READ More than What You See: Reinforcement Learning for Accurate and Coherent Audio Description Generations

2026-06-22Computer Vision and Pattern Recognition

Computer Vision and Pattern Recognition
AI summary

The authors created READ, a new way to teach computers to make better audio descriptions for blind and low-vision viewers. Instead of just guessing words one by one, their system uses reinforcement learning to improve the whole description based on how well it matches examples, its length, style, and how smoothly it tells a story. Tests showed that READ makes better, more natural-sounding descriptions than earlier methods. This approach shows that teaching models with rewards can help create clearer and more useful audio descriptions.

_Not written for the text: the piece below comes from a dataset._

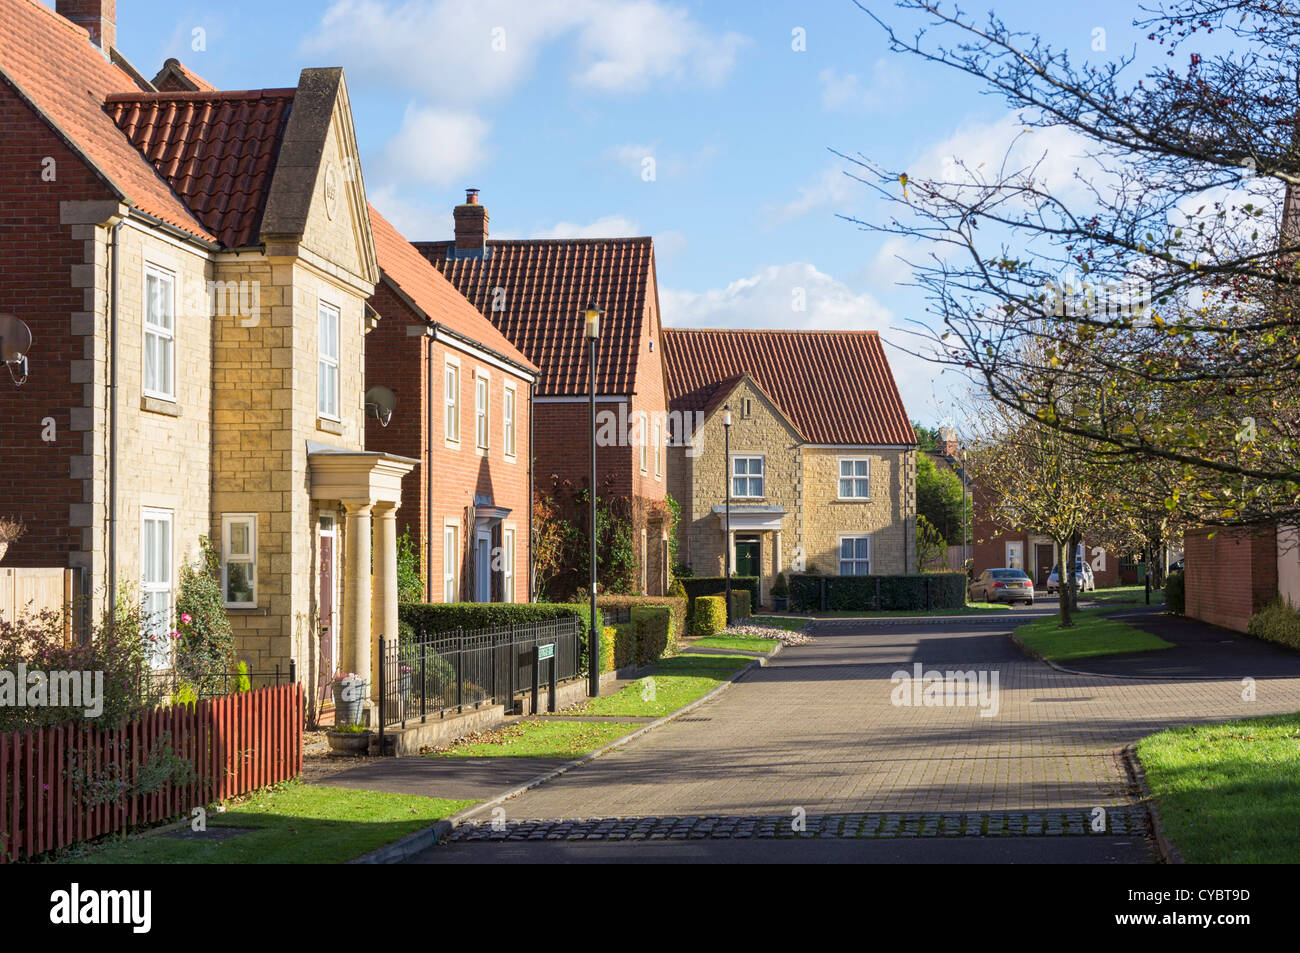 Eine typisch britische modernen Wohnungsbau Immobilien Entwicklung und Street, England, UK-Herzogtum Cornwall Entwicklung Stockfoto

Audio DescriptionReinforcement LearningMultimodal ModelsSequence OptimizationNext-token PredictionNarrative CoherenceMAD-EvalCMD-ADTV-ADReference Matching
Authors
Bo Fang, Xinyao Zhang, Yuxin Song, Hui Zhang, Hang Zhou, Antoni B. Chan
Abstract
Audio Description aims to generate concise narrations of essential visual content in audio-visual media for blind and low-vision audiences. Existing methods either rely on prompting off-the-shelf multimodal models, which often mismatch AD style, or partially optimize training-based systems with next-token prediction, which under-explores model capacity and biases generation toward generic expressions. We present READ, the first reinforcement-learning (RL) framework for training-based AD generation. READ formulates AD as sequence-level optimization with reference-matching, length, and format rewards, and further introduces a dedicated coherence reward under context-aware supervision to promote narratively coherent descriptions. Experiments on MAD-Eval, CMD-AD, and TV-AD show that READ substantially outperforms prior methods across diverse evaluation metrics. Our results highlight RL as a promising paradigm for accurate and coherent AD generation. Our codes, models, and benchmark results will be publicly available.